Maintain Laser Focus on Pilot Qualifications, Records Database; Challenge Congress Not to Cave to Airline Pressure
Buffalo, New York – September 30th, 2015 – Responding to the House and Senate passing a six month extension prior to a September 30th deadline for the Federal Aviation Administration to be reauthorized, the ‘Families of Continental Flight 3407’ renewed their call for Congress to take a strong stance in support of safety in its next proposed FAA Reauthorization Bill. First and foremost, the group reminded congressional leaders of its staunch opposition to any attempts by the Regional Airline Association to water down FAA’s recently-implemented higher pilot qualification standards for regional airline first officers.
“As time marches on, we continue to fight for a true ‘One Level of Safety’ between our nation’s mainline and regional carriers, something which my daughter and everyone else on Flight 3407 was sadly denied,” stated John Kausner of Clarence Center, New York, who lost his twenty-four year old daughter Ellyce when the plane crashed less than one mile from his family’s home. “While the regional airlines and their lobbyists may look at this six-month extension as an opportunity to continue to operate in the shadows in the hopes that Congress will give in to their slick maneuvering on the pilot qualifications rule, we intend to be as vigilant and vocal as ever in ensuring that the committee and subcommittee leadership puts the safety of the flying public first. Any weakening of this critical safety measure would send the regional airlines the absolutely wrong message and only serve to promote the same complacency that plagued the industry during the previous decade.”

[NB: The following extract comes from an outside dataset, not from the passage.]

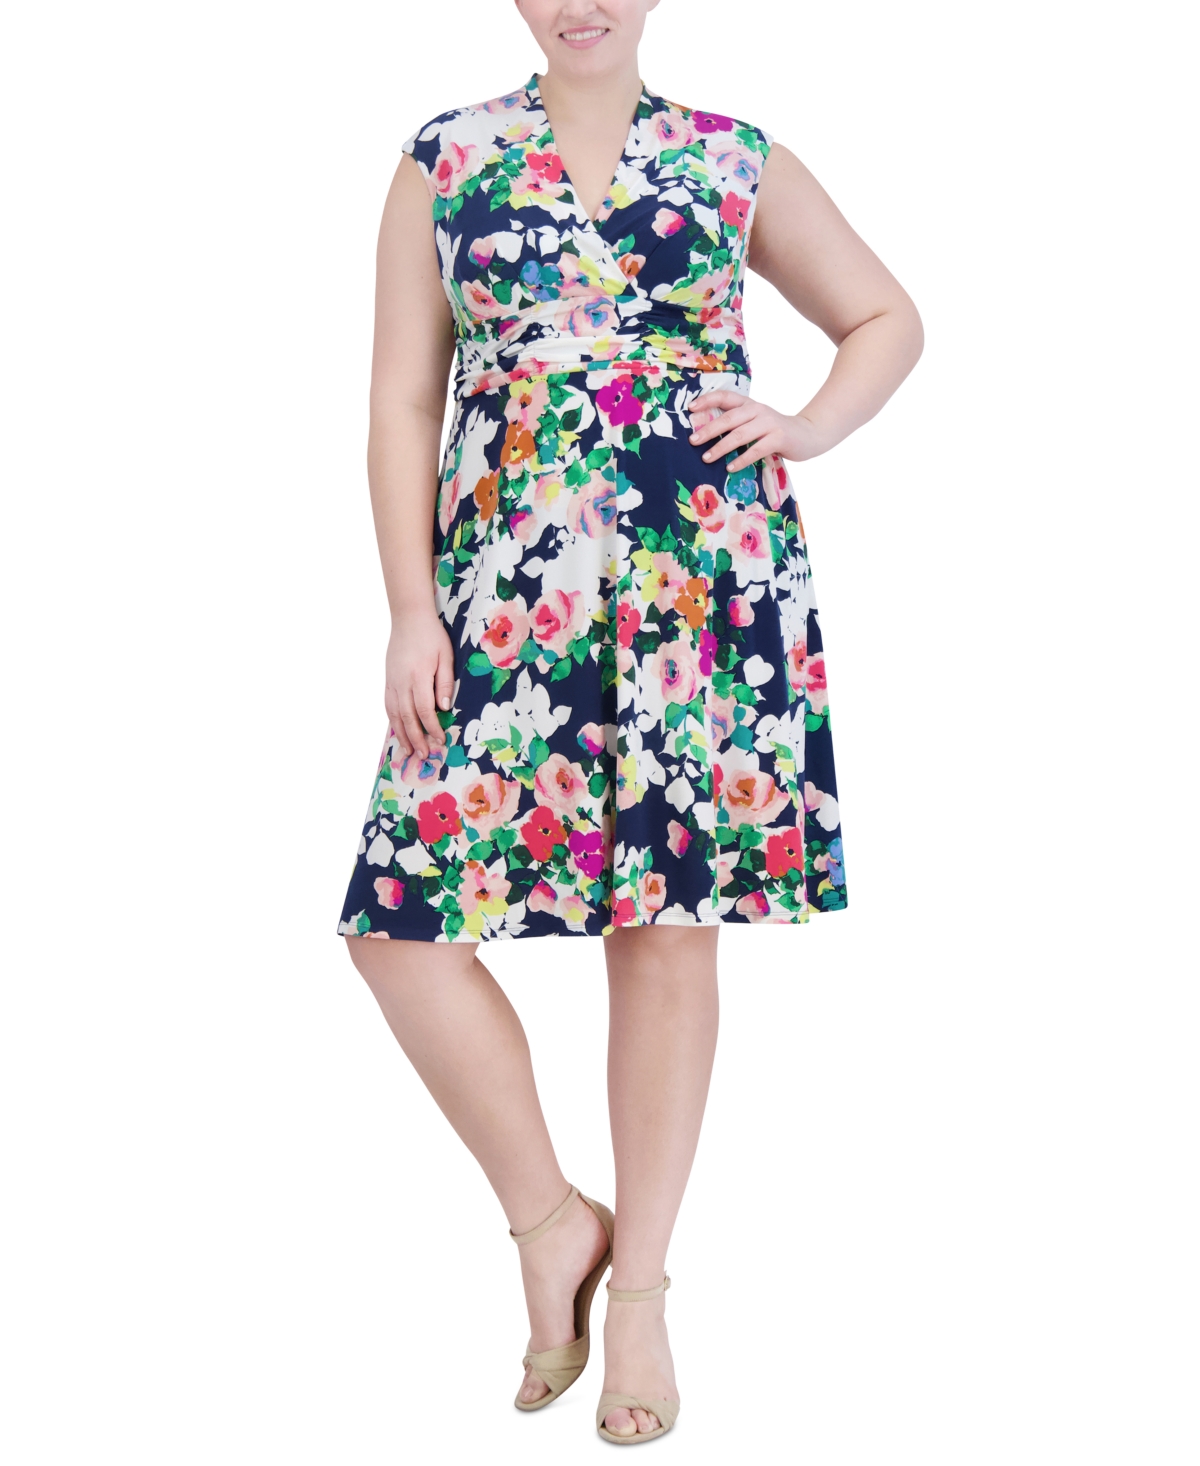 Plus Size Floral Surplice-Neck Dress - Navy/Ivory

The group also reiterated its response last month to an audit released by the Department of Transportation Inspector General’s office detailing FAA’s lack of progress in implementing an electronic pilot record database, where it had harsh words for both the FAA and commercial airlines, which were found to not be taking the appropriate interim steps to compliance. The database project was mandated by Congress in the unanimously-passed Airline Safety Act of 2010, in response to NTSB recommendations driven by the crash of Flight 3407.
“No matter how full of a plate FAA feels that it may have, we can never let anyone forget what happens when slippage is allowed to occur or when the ball is dropped when it comes to staying on top of every phase of the safety process” stated Karen Eckert of Williamsville, New York, who lost her sister Beverly Eckert, a prominent 9/11 widow and activist. “No one ever suggested that rule making was easy, but hopefully this IG report will create the pressure from Congress and the traveling public that FAA needs to get this project on the right track. FAA’s 2023 target date is absolutely unacceptable. Just as disappointing, however, is FAA’s failure to take the appropriate interim steps to ensure that airlines are maintaining the proper records in the meantime and requesting all available pilot records in the hiring process. We are counting on Administrator Huerta and his staff to take immediate and decisive corrective actions on this report’s recommendations.”
The group also zeroed in on findings in the report (https://www.oig.dot.gov/sites/default/files/FAA%20Pilot%20Records%20Database%20Progress%20Final%20Report%5E8-20-15.pdf) that cast doubt on whether the nation’s commercial airlines were living up to their end of the deal on the FAA’s 2009 Call to Action, the Agency’s initial response to addressing some of the gaps in regional airline safety exposed by the NTSB’s investigation into the crash of Flight 3407. At the time, airlines pledged to request a pilot’s complete record in the hiring process, as opposed to the more cursory requirements of the Pilot Records Information Act (PRIA), which led to Colgan Air hiring the captain of Flight 3407 without knowledge of all his prior training deficiencies.
“Obviously FAA needs to step up its game, but we certainly can’t let the airlines continue to hide behind the FAA as they love to do either,” stated Scott Maurer of Brandon, Florida, who lost his thirty year old daughter Lorin in the crash. “Once again, we have convincing proof that voluntary compliance is nothing more than lip service; if FAA doesn’t require something by rule, then you can bet your bottom dollar that some of the bottom feeders in the airline industry will allow critical safety responsibilities to slip through the cracks. Meanwhile, these are the same airlines working behind the scenes with their lobbyists and senior safety officials on the FAA Reauthorization Bill and FAA Advisory Committees trying to get already-enacted critical safety measures watered down. This cannot be allowed to happen, and six and a half years later, we remain as committed and watchful as ever to ensuring that the mistakes that led to the needless tragedy of Flight 3407 are never allowed to repeat themselves.”